• [Goal of the exercise]:
Repeat verbatim what the listing holds, but not its pictures.

• [Recorded data]:
════
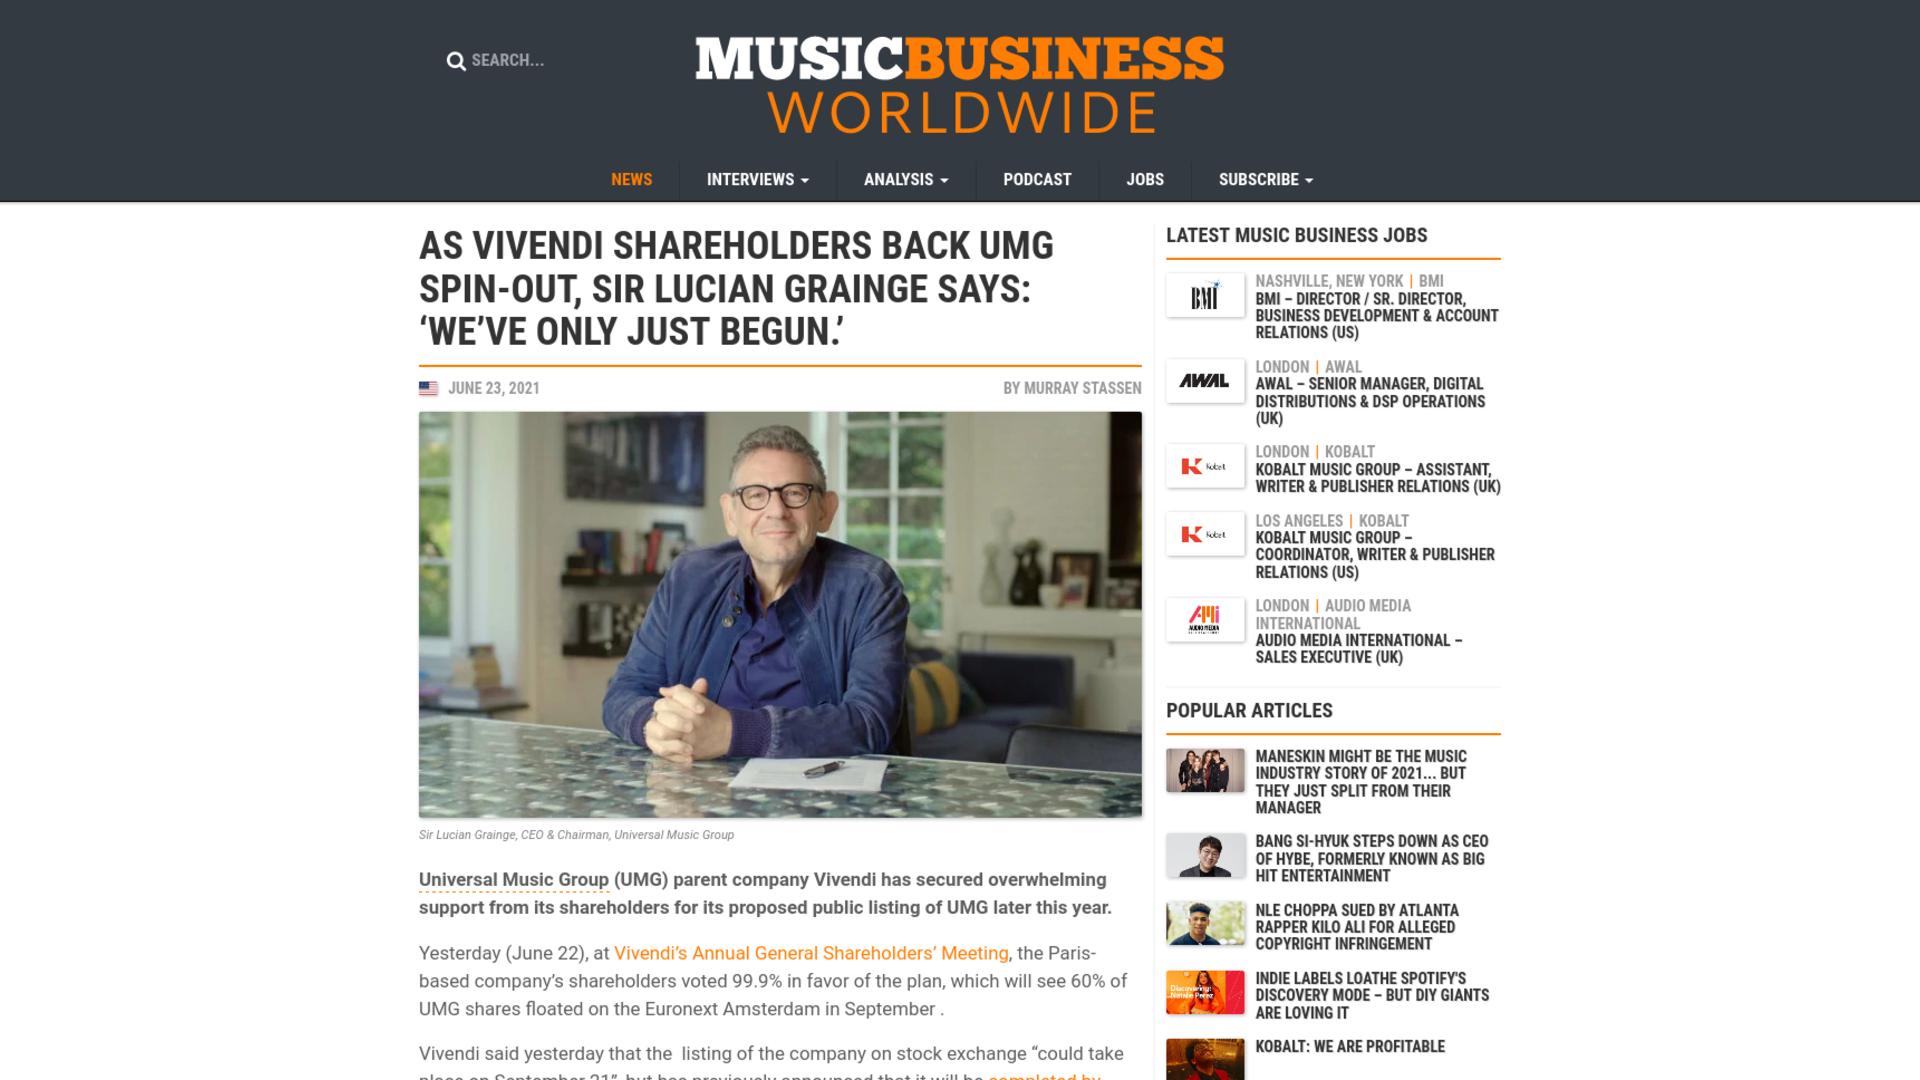 Fairness Rocks News As Vivendi shareholders back UMG spin-out, Sir Lucian Grainge says: 'We've only just begun.'
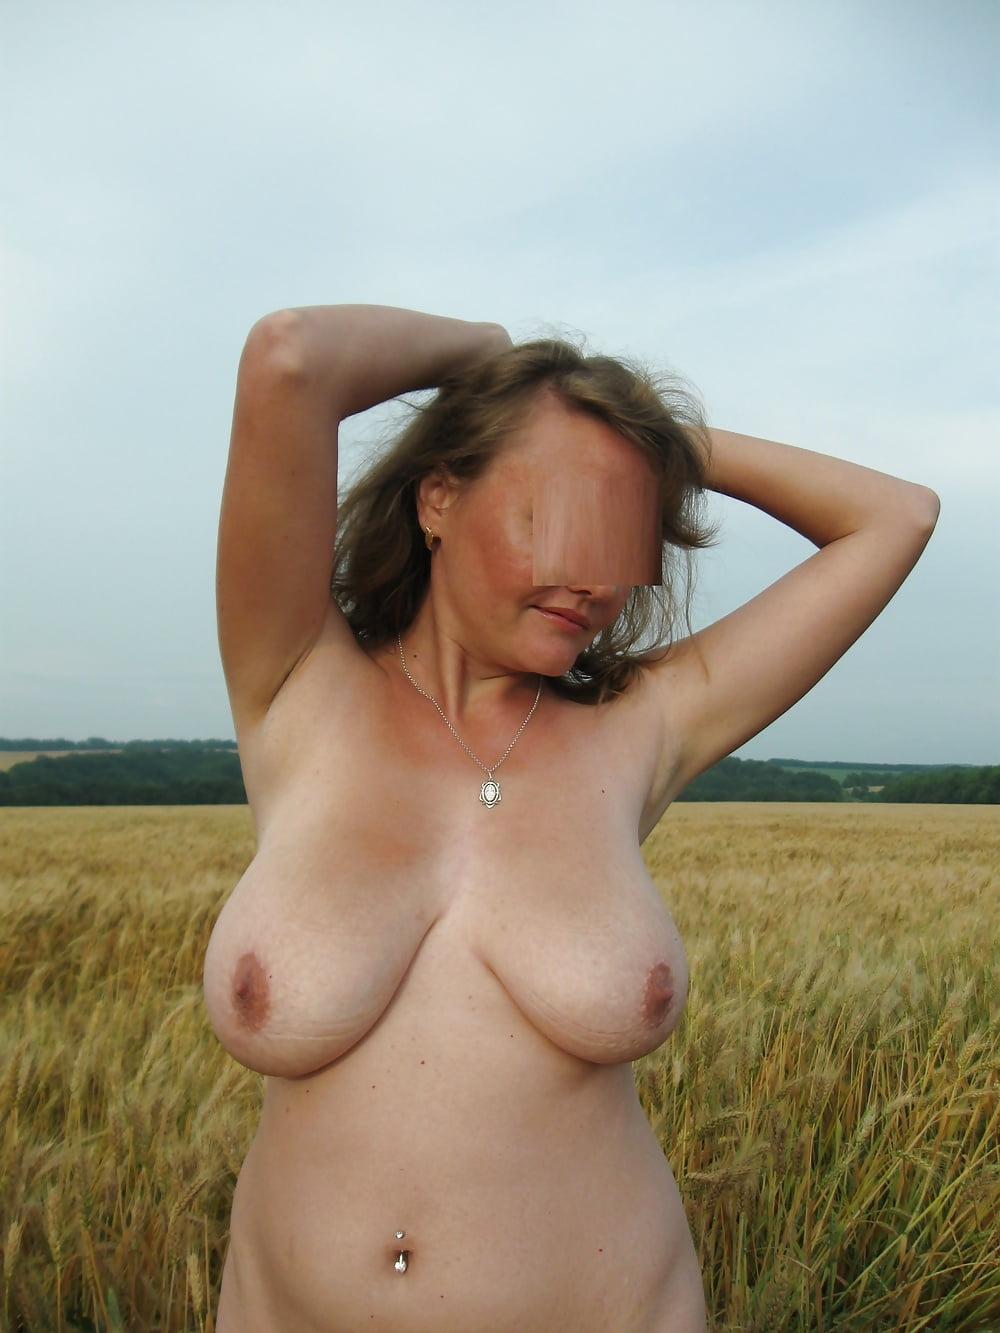 Milf naked russian Russian+milf Pics
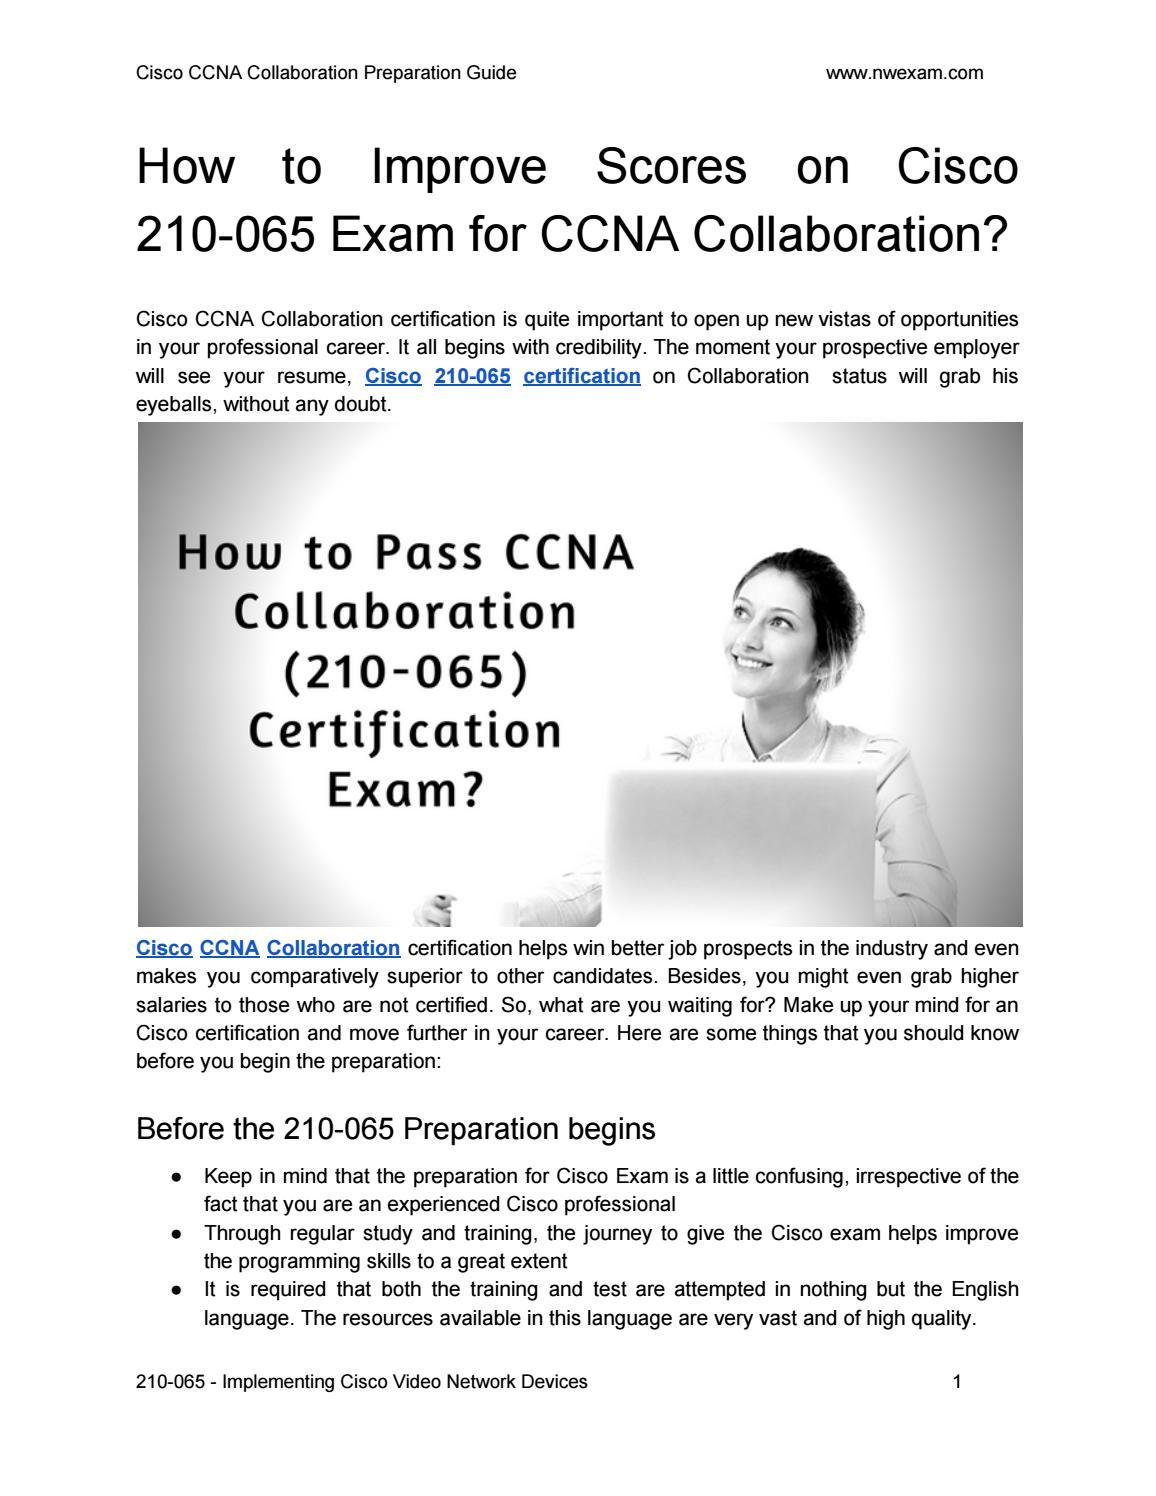 How To Improve Scores On Cisco 210 065 Exam For Ccna Collaboration
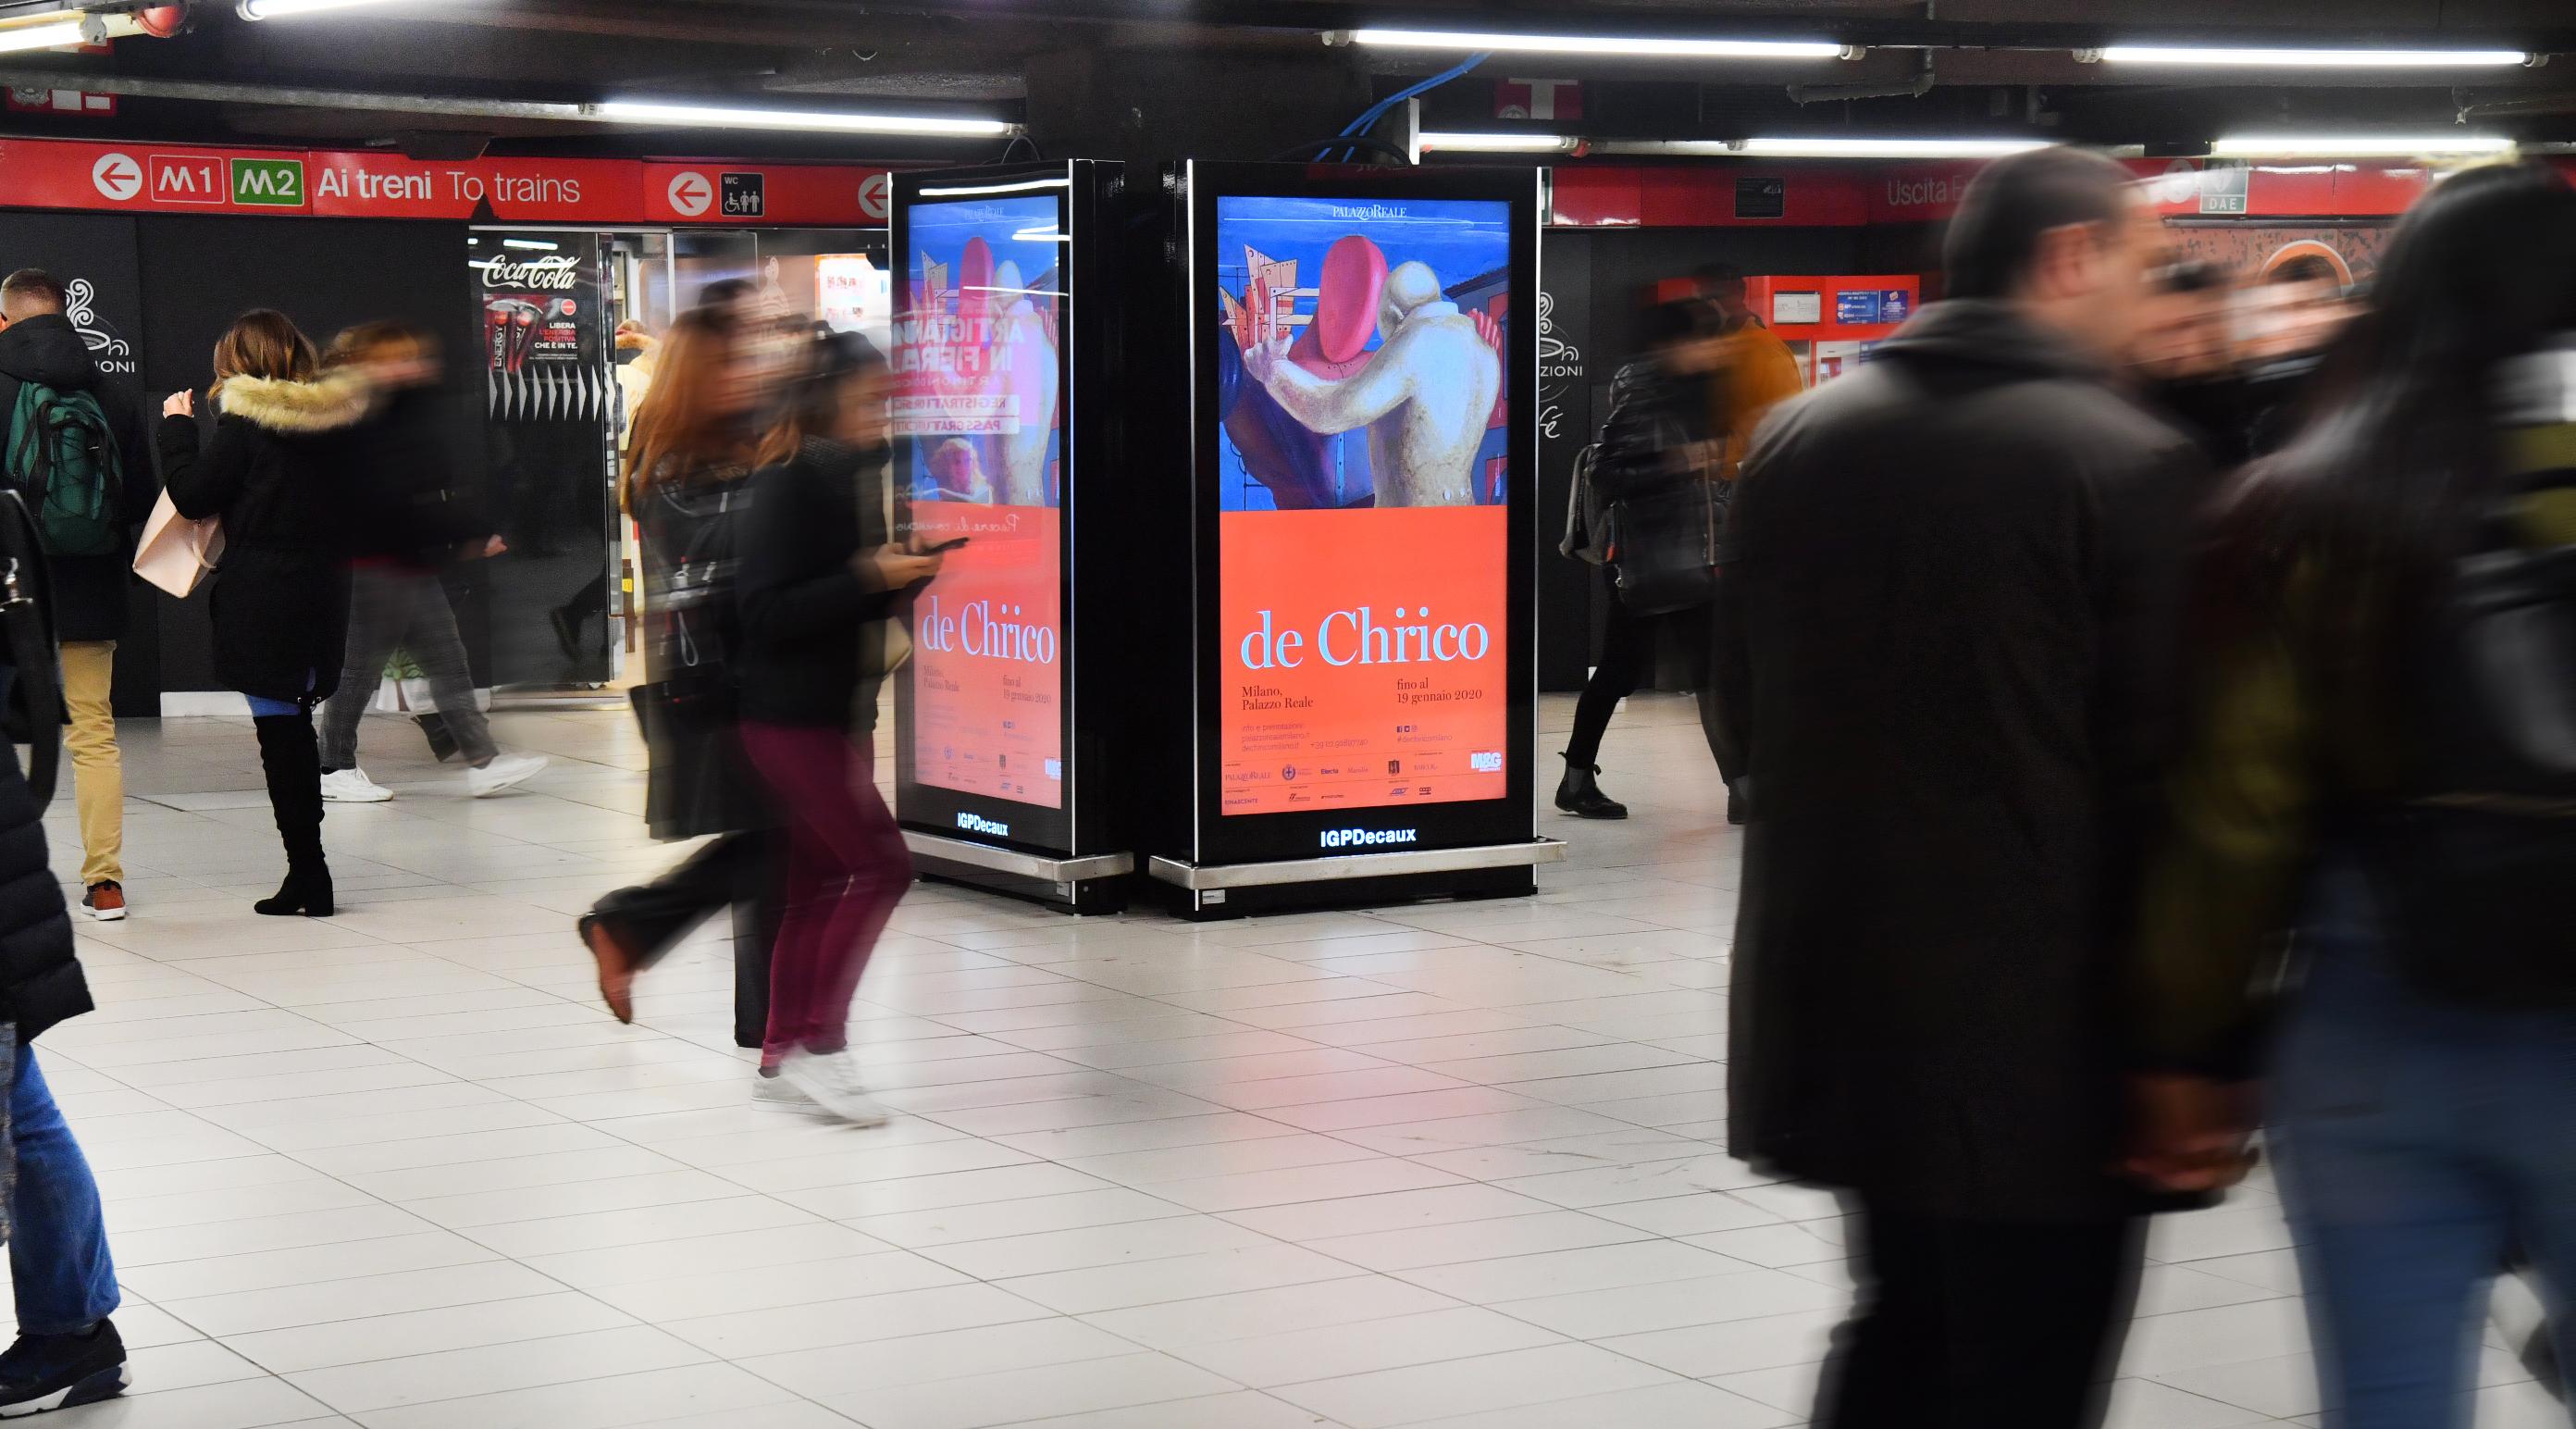 Schermi_iVision_IGPDecaux_Metropolitana_Milano
════
• [Solution to this task]:
 Fairness Rocks News As Vivendi shareholders back UMG spin-out, Sir Lucian Grainge says: 'We've only just begun.'
 Milf naked russian Russian+milf Pics
 How To Improve Scores On Cisco 210 065 Exam For Ccna Collaboration
 Schermi_iVision_IGPDecaux_Metropolitana_Milano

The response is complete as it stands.